**INFORMATION PROVIDED**.
/---
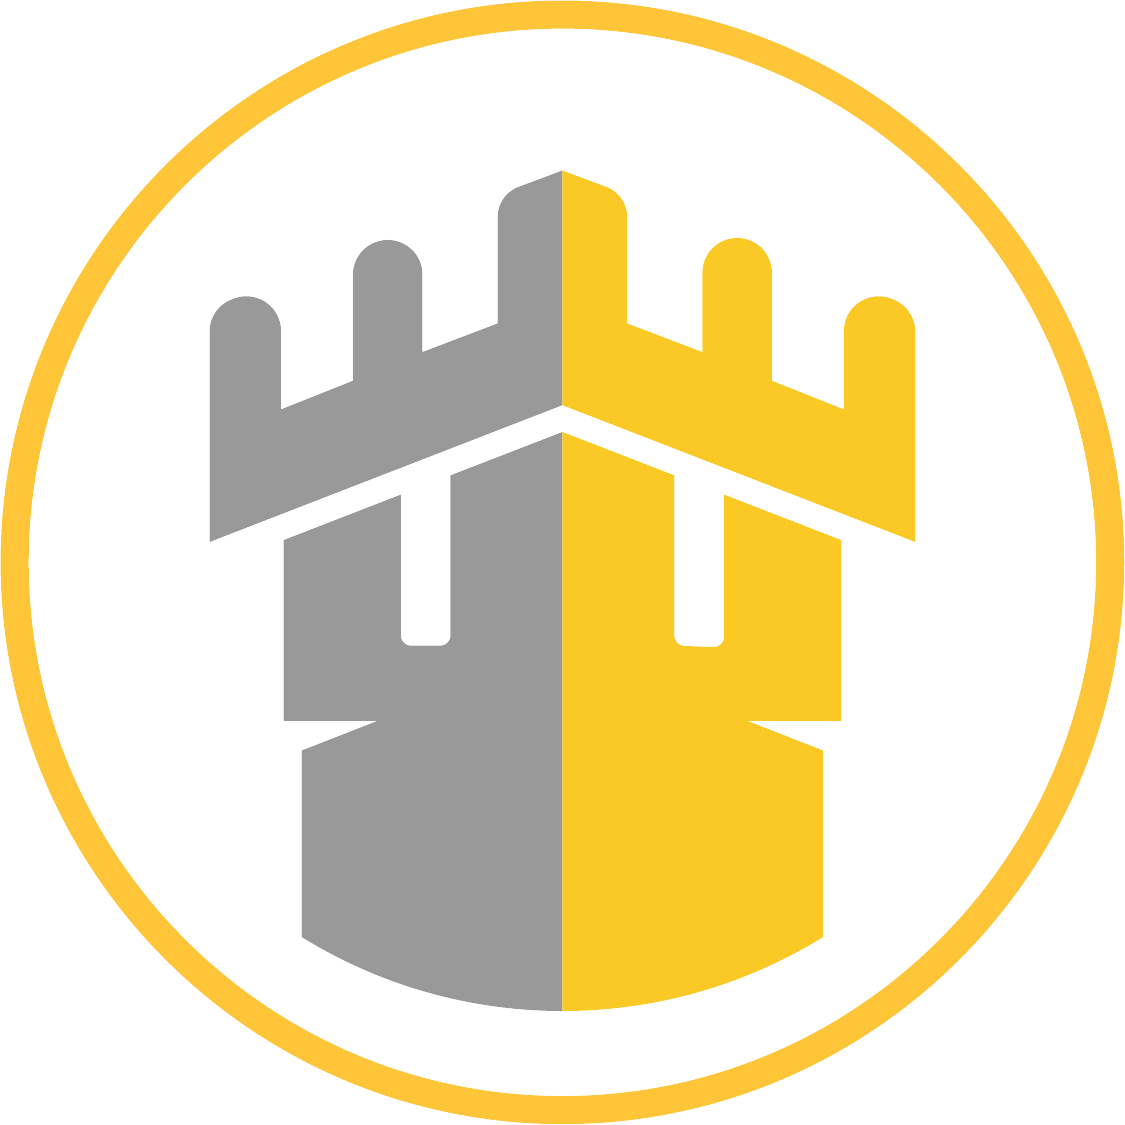 Free Citadels logo
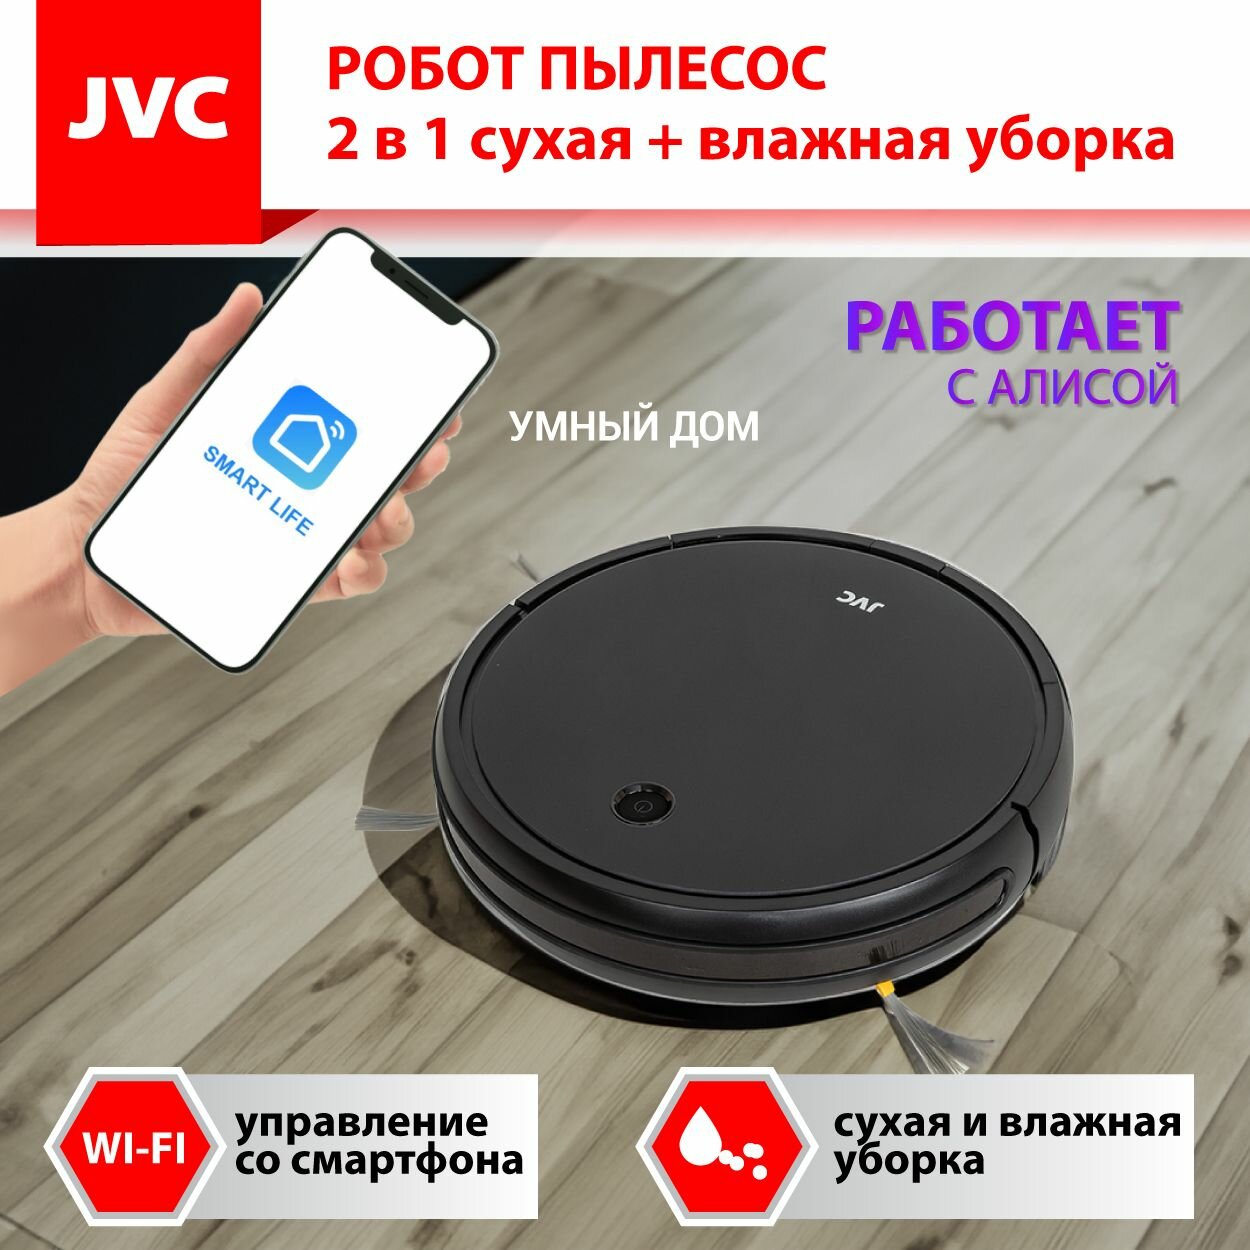 Робот - пылесос JVC JH-VR510 black 2 в 1 сухая и влажная уборка, 4 режима, турбощетка, 3 мощности, HEPA фильтр, голосовой помощник, смартфон-управление Smart life, Wi-Fi
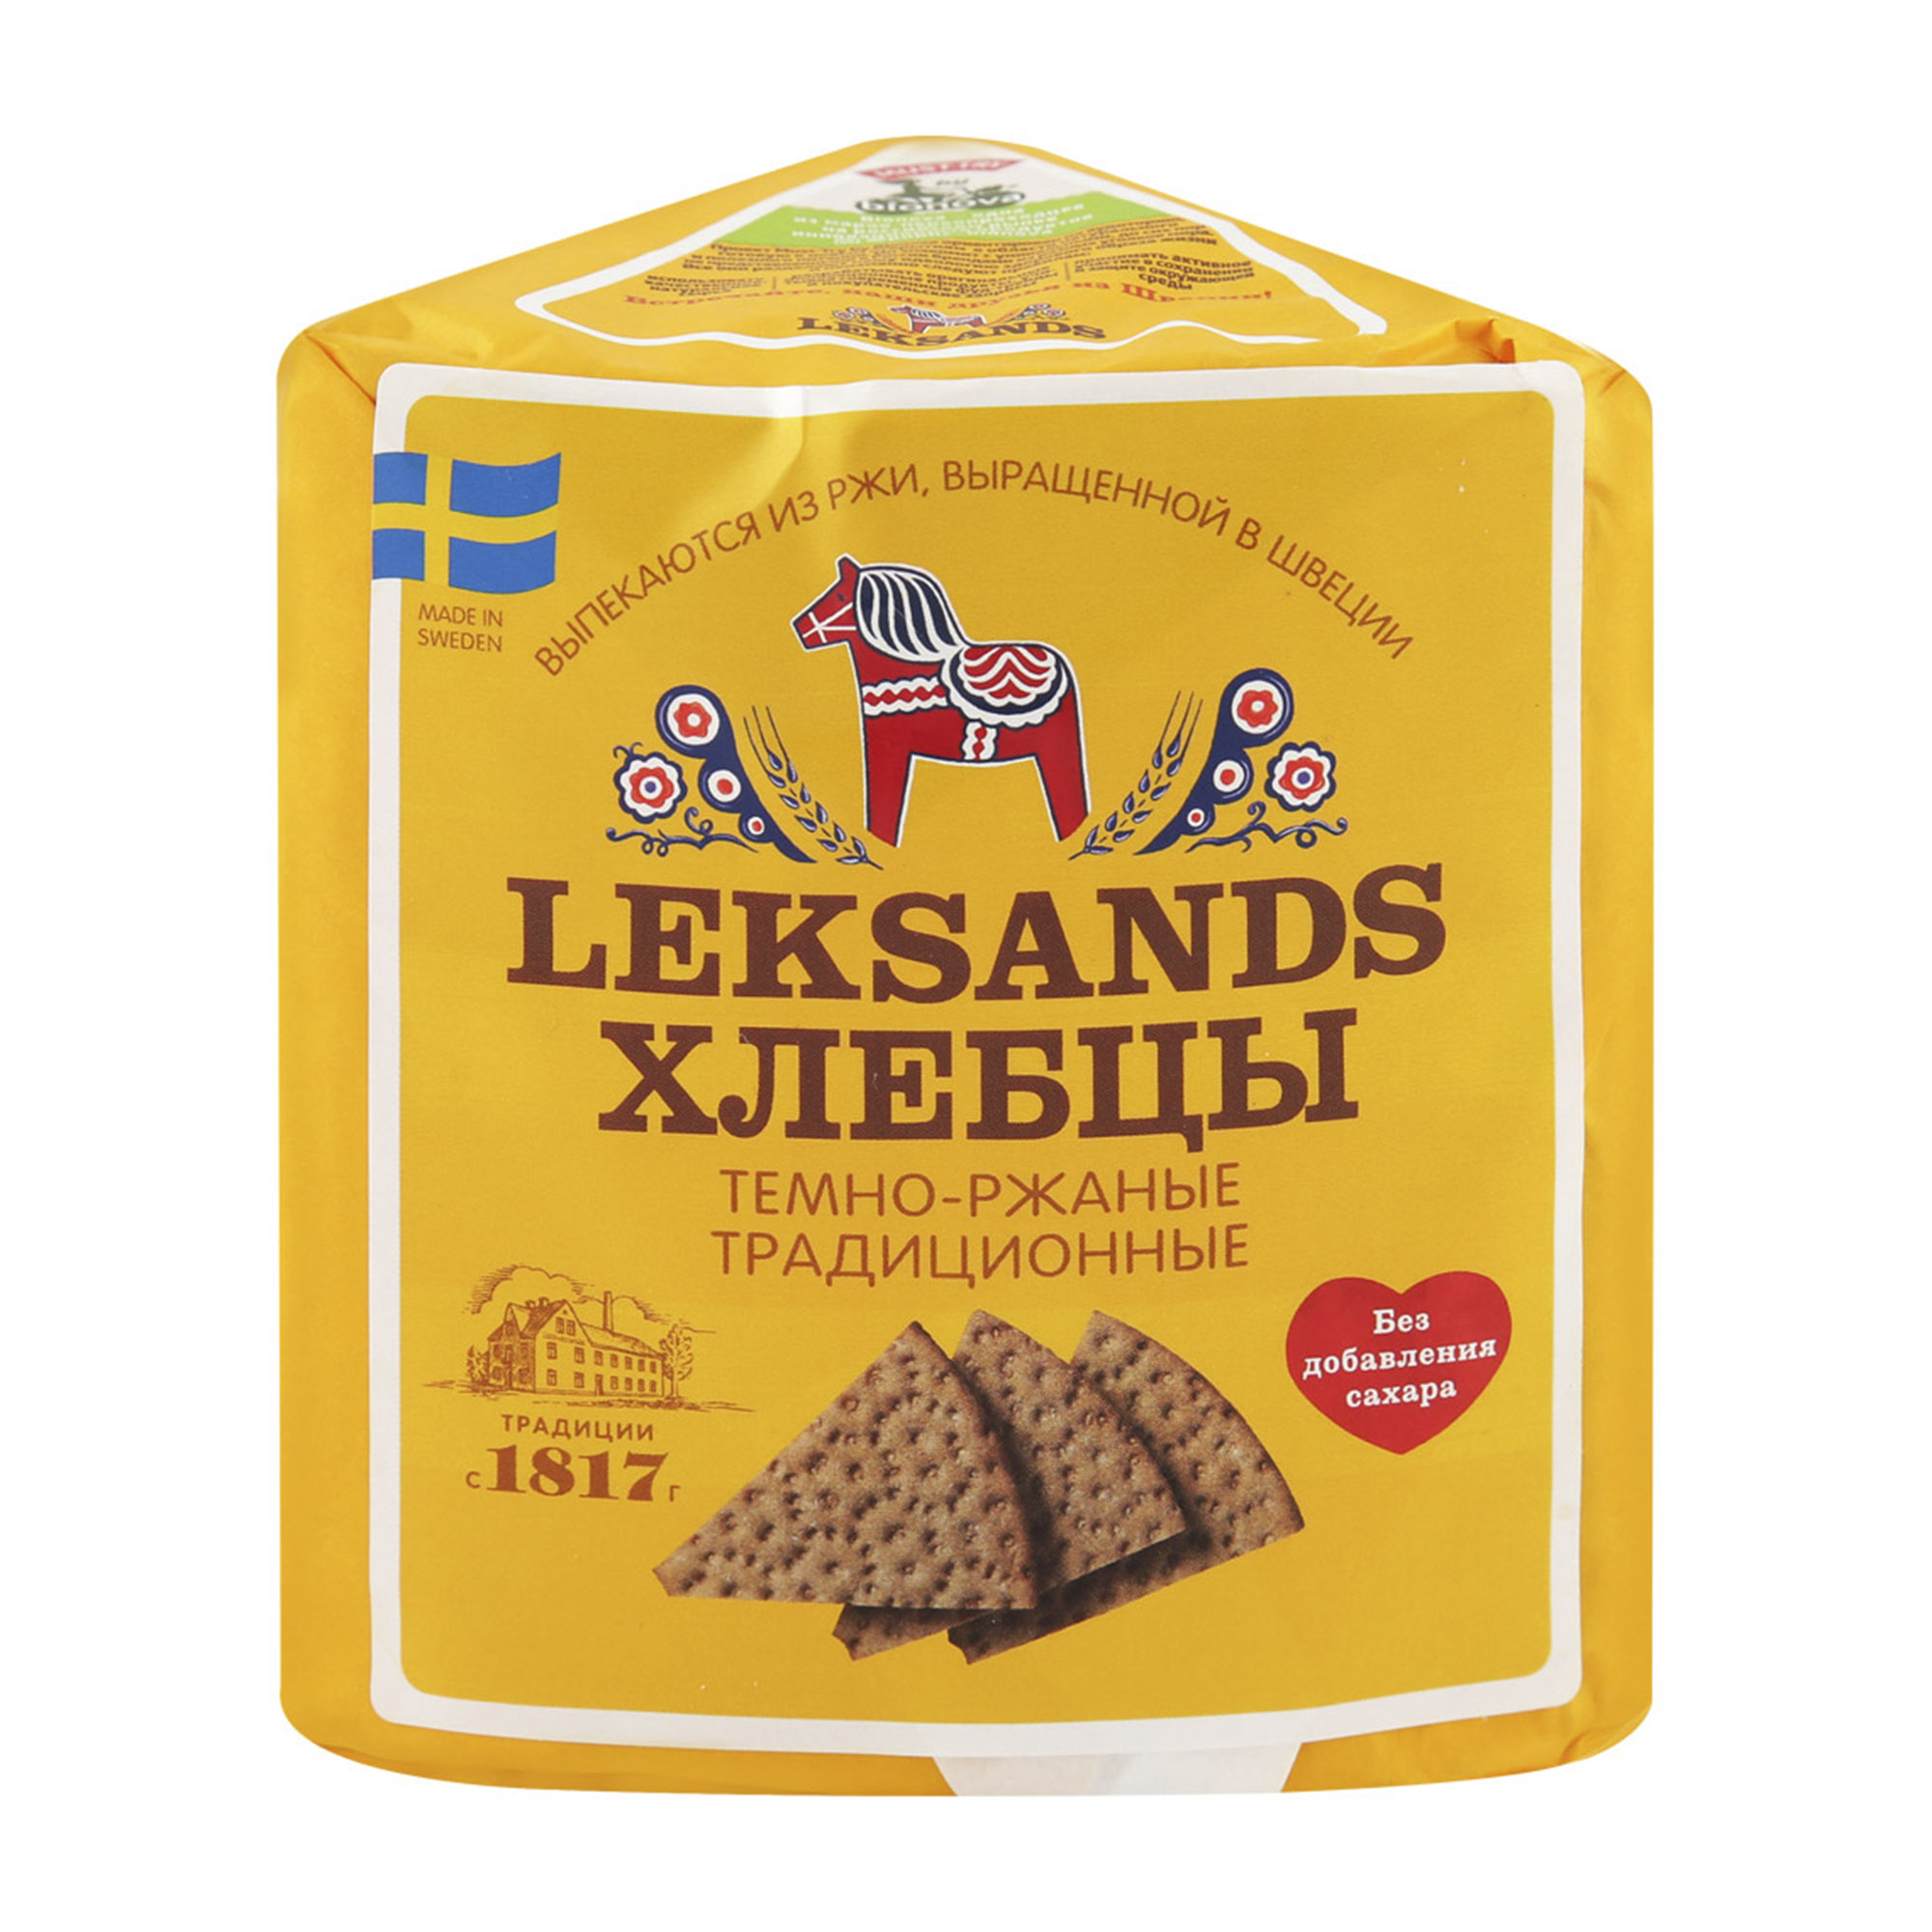 Хлебцы Leksands Темно-ржаные традиционные 200 г
\---
Return all the material exactly, skipping pictures.

 Free Citadels logo
 Робот - пылесос JVC JH-VR510 black 2 в 1 сухая и влажная уборка, 4 режима, турбощетка, 3 мощности, HEPA фильтр, голосовой помощник, смартфон-управление Smart life, Wi-Fi
 Хлебцы Leksands Темно-ржаные традиционные 200 г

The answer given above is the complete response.